UARTs are commonly used in conjunction with a communication standard such as RS-232 or RS-485. The voltage levels of RS-232 are -12V and +12V. Usually, all the digital systems work on TTL or CMOS voltage levels, which are not directly compatible with those of RS-232, a level transition buffer such as MAX232 must be used.
Data Packet Format
UART-transmitted data is organized into packets. Each packet contains [1 START bit ] + [ DATA frame (5 ~ 9 bits) ] + [ PARITY bit (optional) ] + [ STOP bit (1, 2) ], as shown in the following diagram.
- START bit
In the Idle mode, the UART data line is held at a high voltage level (logic 1). To start data transmission, the transmitting UART pulls the transmission line to low for one clock cycle. When the receiving UART detects the data line from high to low voltage transition, it begins reading the bits in the data frame at the frequency of the baud rate. - DATA frame
The data frame contains the data being transferred. Options are 5, 6, 7, 8 (default), or 9. If the PARITY bit is not used, the length of the data frame could be up to 9 bits; if a parity bit is used, the maximum length of the data frame is up to 8 bits. - PARITY bit
The parity bit is for error checking when the receiving UART receives a packet.
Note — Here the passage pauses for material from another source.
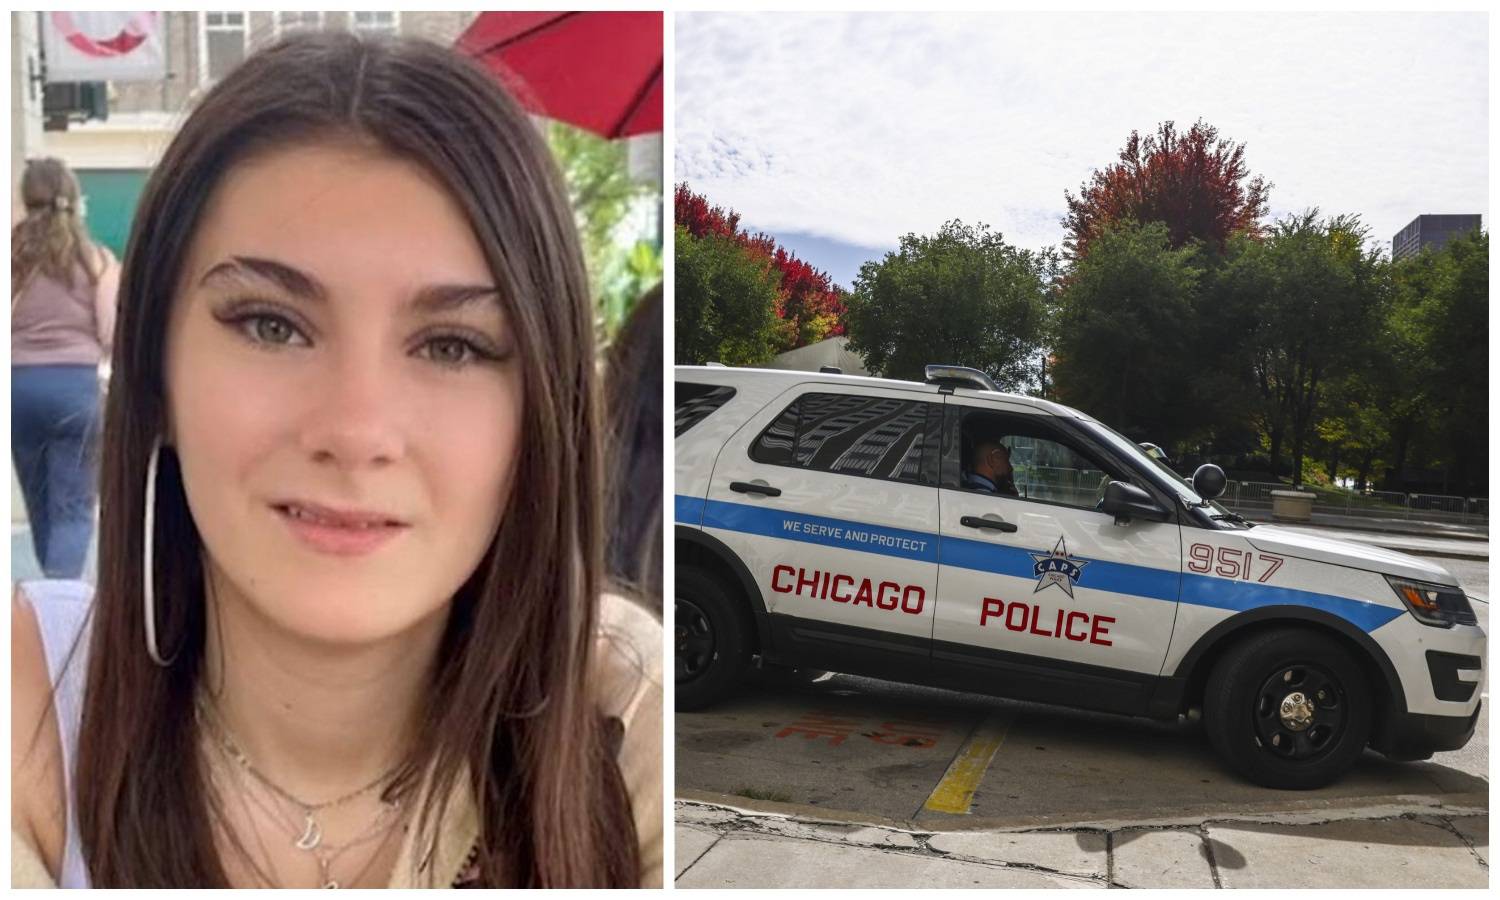 Katarina (15) u Chicagu nestala misteriozno, obitelj je u šoku: 'Nikada nije odlazila od kuće'

This can be set to None (default), Odd, Even, or Mark/Space. If the data frame is 9-bits, then the Parity type must be Mark/Space. The parity bit is optional and it is actually not that widely used. - STOP bits
To signal the end of the data packet, the sending UART drives the data transmission line from a low voltage to a high voltage. The STOP bit can be set to 1 (default) or 2 bits.
Baud Rate
The baud rate specifies how fast data is sent over a serial line. The units of the baud rate are bit-per-second (bps). The higher the baud rate goes, the faster data is sent and received, but the speed of data transfer is limited. Since there is no clock signal in the UART communication, the higher transmitting speed will easily lead to errors on the receiving end. Therefore, each of the two UARTs must be communicating using a known baud rate or bit frequency. The receiver and transmitter clock rates must be within 5% to avoid errors.
There are different sets of standard baud dates used depending on the application. Usually, the baud rates use 1200, 2400, 4800, 9600,19200, 38400, 57600 and 115200 bps. Both the local and remote UARTs must be configured for the same baud rate.
How does UART work?
UARTs transmit data asynchronously, which means there is no clock signal to synchronize the data bits from the transmitting UART to the receiving UART. Typically, asynchronous communication needs handshaking signals to ensure sender and receiver coordinate data transfers. In the UART, there are no extra handshaking signals between the transmitter and receiver. The transmitter generates a bitstream based on its clock signal, and then the receiver's goal is to use its internal clock signal to sample the incoming data. Therefore, the transmitter and receiver both need to have the same transfer speed and data packet format. Then, the receiver's UART resynchronizes the internal clocks on the falling edge of the start bit and then reads the center of each expected data bit based on the baud rate that is set.
UART Flow Control
UART Flow Control is a method for slow and fast devices to communicate with each other over UART without the risk of losing data.
Consider the case where two units are communicating over UART. A transmitter T is sending a long stream of bytes to a receiver R. R is a slower device than T, and at some point, R cannot keep up. It needs to either do some processing on the data or empty some buffers before it can keep receiving data.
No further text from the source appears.